Inconsistent identity across platforms. Your Twitter bio says "founder." Your LinkedIn says "CEO and cofounder." Your podcast intro says "startup guy." Your press quotes call you "AI entrepreneur." To a human, these read as the same person. To an engine building an entity graph, they read as evidence that the entity is fuzzy. Fuzzy entities get lower confidence scores and fewer citations. Pick one title, one company reference, one topic anchor, and enforce it across every platform.

Relying only on owned properties. The Ahrefs finding is worth repeating: mentions predict AI citation three times more strongly than backlinks. A founder who has published fifty blog posts on their own site and zero bylines on external outlets is legible to Google and invisible to Perplexity. Owned content is necessary. It is not sufficient.

Topic sprawl. Engines cite named authorities on defined subjects, not generalists on twelve subjects. A founder who writes about hiring, product, fundraising, AI ethics, remote work, and personal productivity is telling every model that the entity has no primary domain.

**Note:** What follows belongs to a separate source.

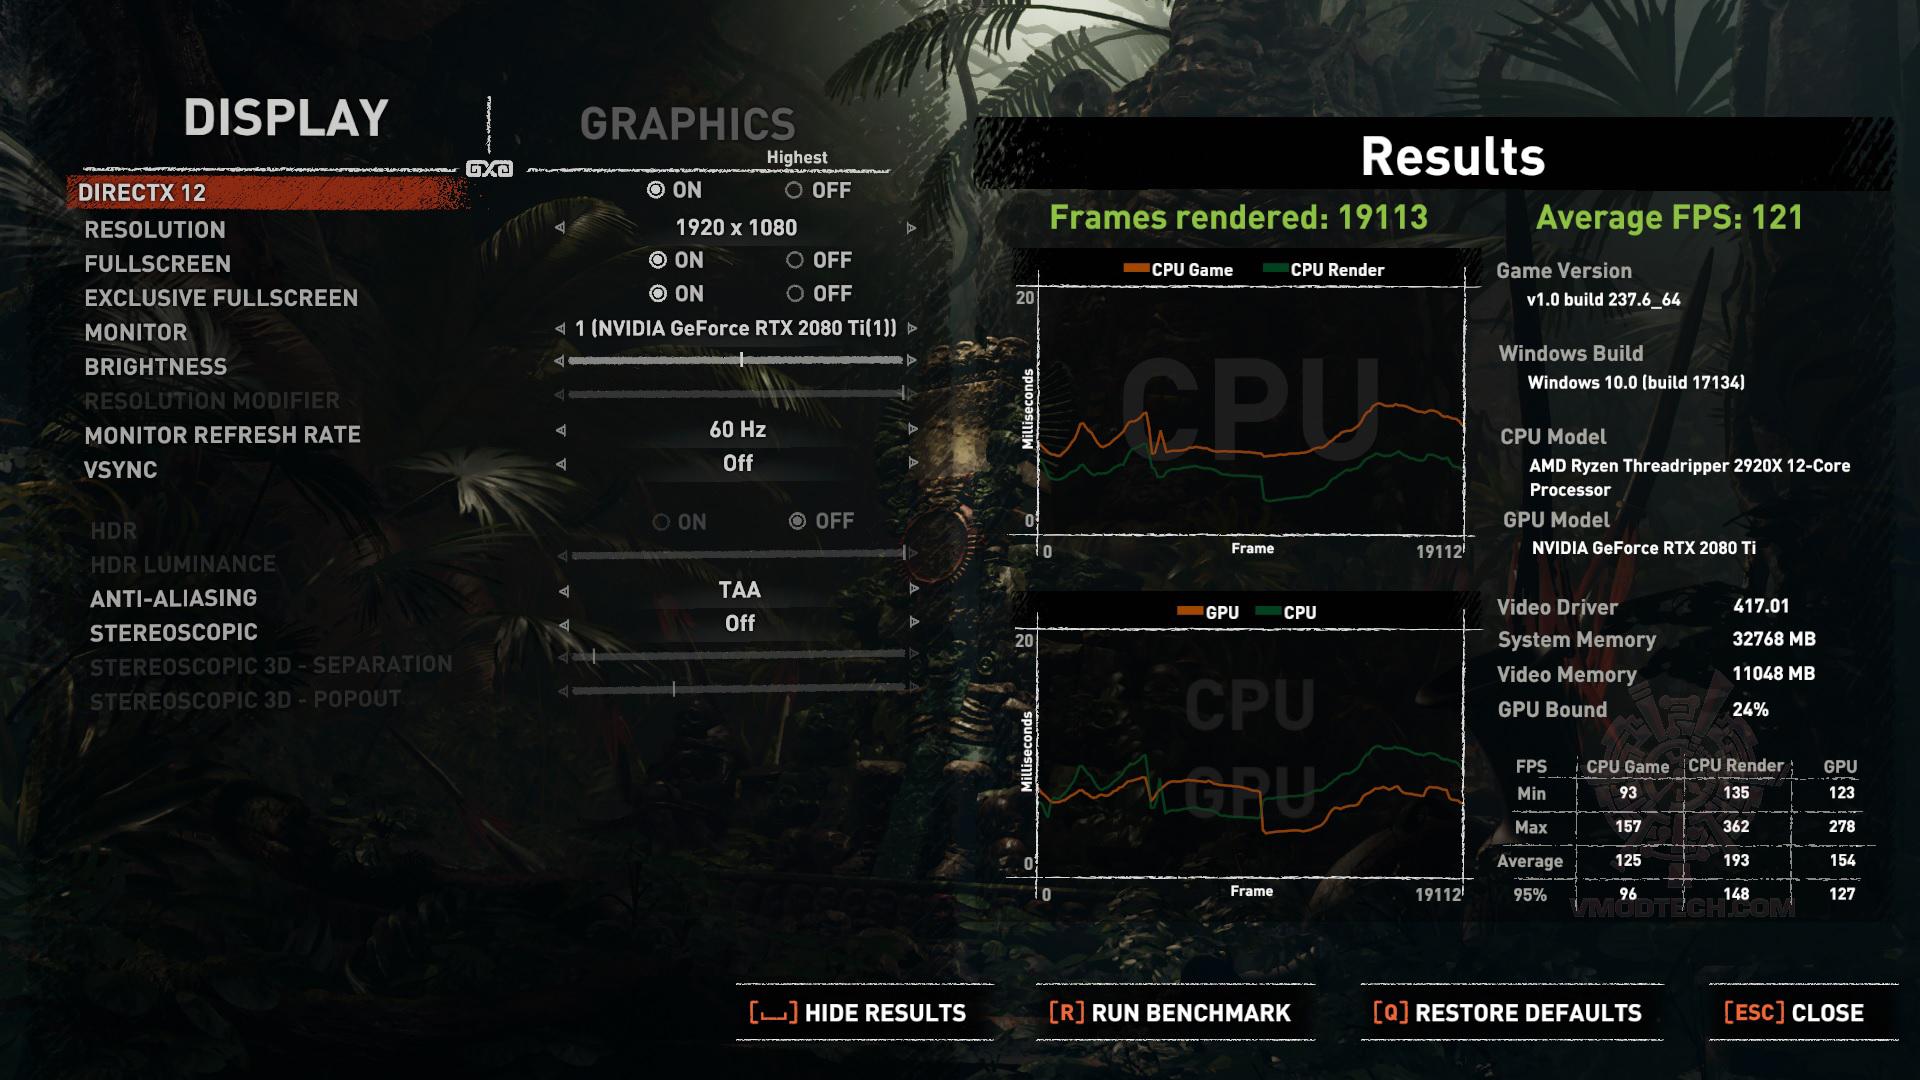 sd tomb AMD RYZEN THREADRIPPER 2920X PROCESSOR REVIEW
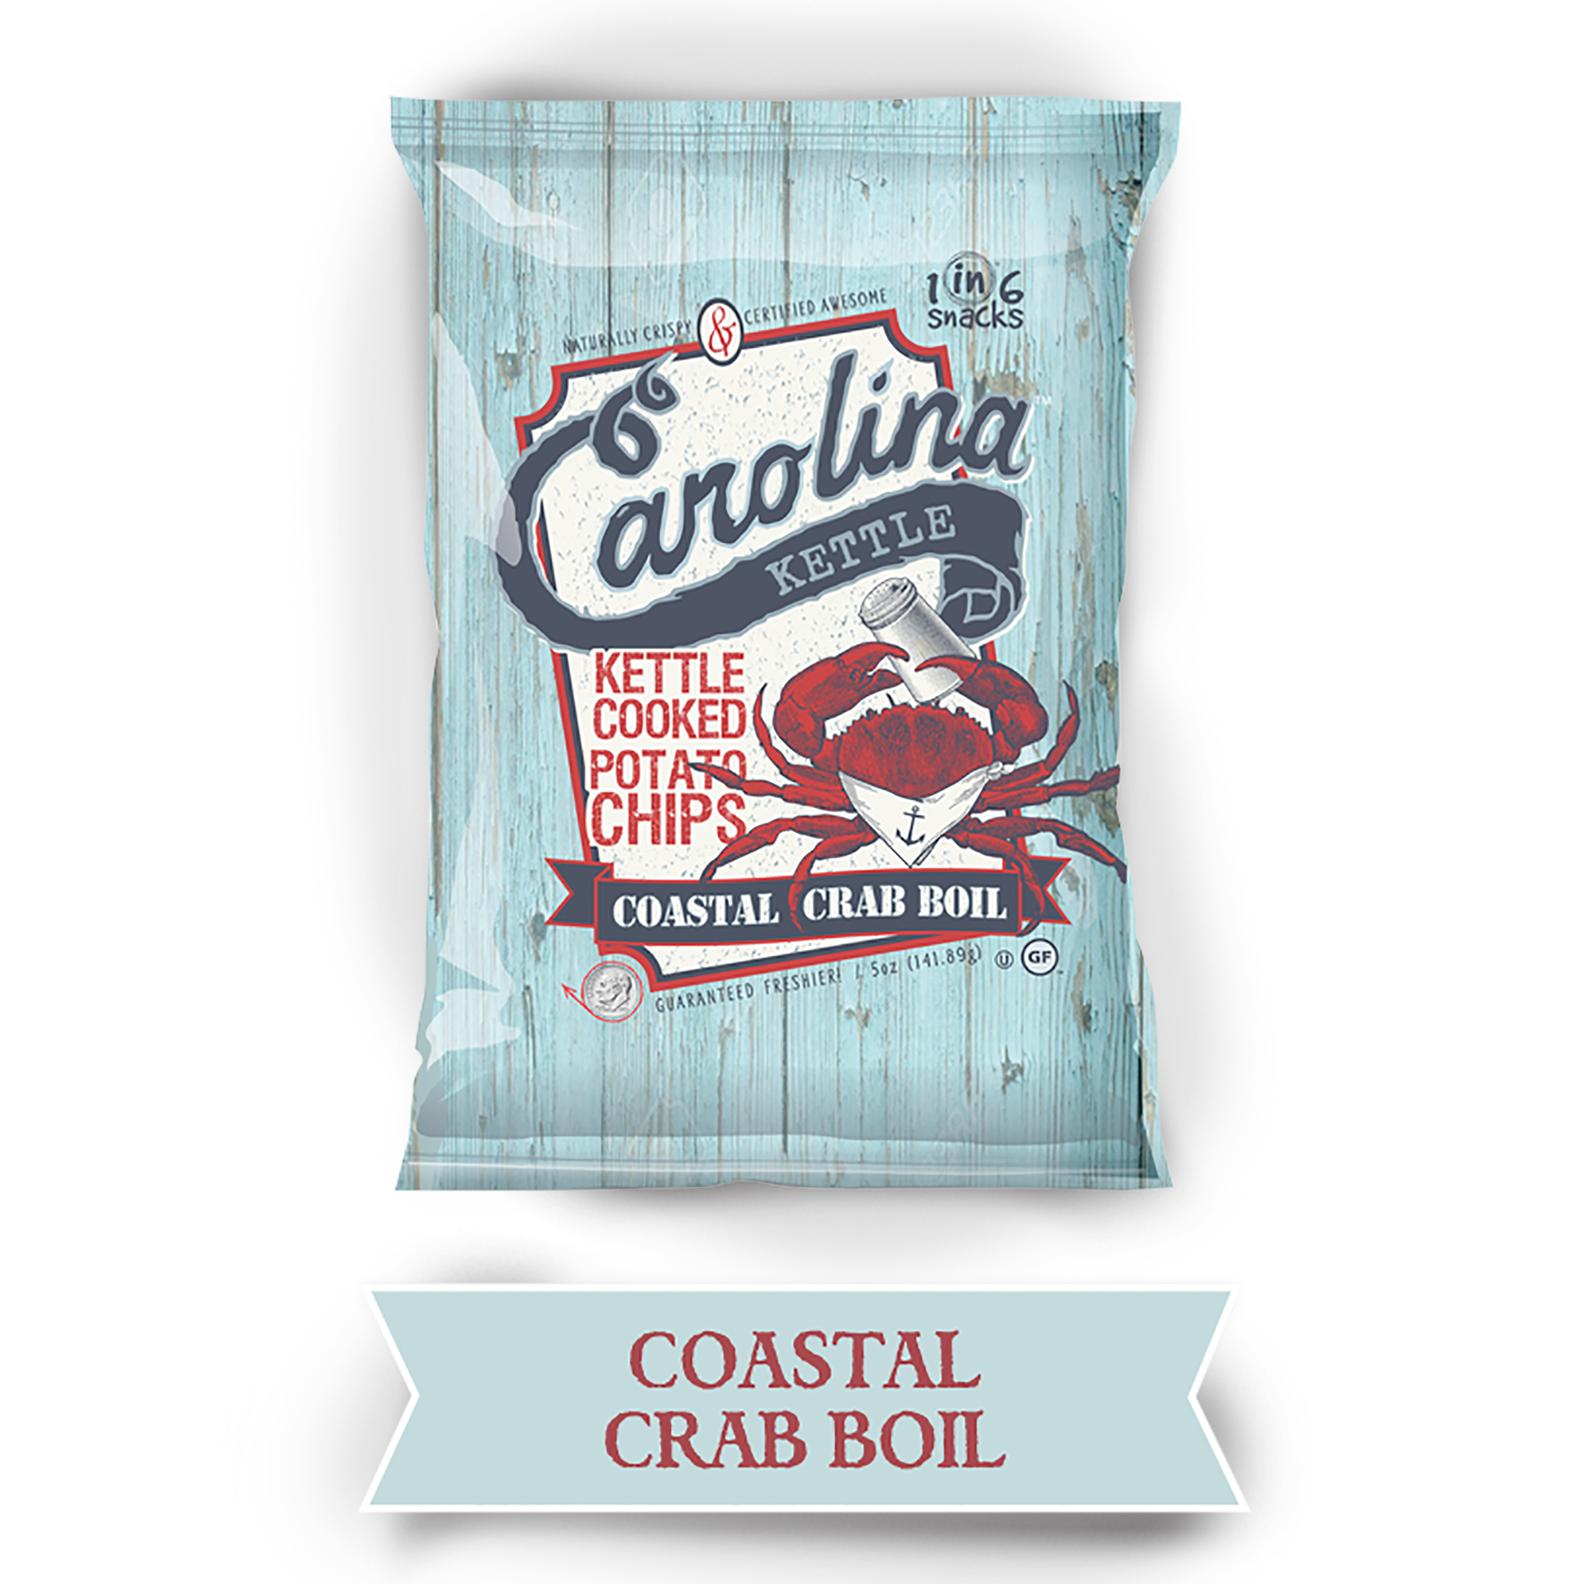 Carolina Kettle Coastal Crab Boil Potato Chips, 2oz

The founders who score high are the ones whose source base concentrates 70 percent of their signal on a single, defined topic.

The 30-60-90 Day Fix for Founders

Days 1 through 30. Run the audit. Rewrite every bio to match a single canonical version. Add Person schema to your About page and every author page on your site. Create or update your Wikidata item with correct occupation, employer, and at least three notable works or affiliations. File corrections with OpenAI, Google, and Anthropic for any factual errors the audit surfaced.

Days 31 through 60. Land two bylines in outlets the engines treat as authoritative for your category. Record two long-form podcast appearances, at least 45 minutes each, on your primary topic, and confirm each podcast publishes a full transcript. Update your LinkedIn, Crunchbase, and AngelList profiles to match the canonical bio.

Days 61 through 90. Re-run the six-prompt audit across all five engines. Compare scoring against your baseline. Lock a monthly cadence: one byline or major podcast per month, one quarterly Wikidata refresh, one quarterly schema audit. The founders who compound this consistently for a year end up in the top decile of their category's AI-held reputation.

Why the Window Is Closing

The compounding effect is real, and it is asymmetric. Founders who build entity recognition now become harder to displace as the models retrain. Ahrefs found that pages updated within two months earn 28 percent more AI citations than older content. Recency is a live variable. So is incumbency.

The founders who wait will face a higher barrier. Every model retrain locks in the current signal. A founder who is already the named authority on a topic when the next training cutoff hits will be quoted, cited, and recommended for the entire next generation of that model. A founder who is not will be spending the next twelve months trying to break in against an established citation pattern.

This is the moment where the 22-point gap gets built. Not in a decade. Now.

Run the audit this week. Fix the anti-patterns this month. Lock the cadence for the year. That is the founder AI reputation score playbook, and it is the difference between being the answer and being the also-ran.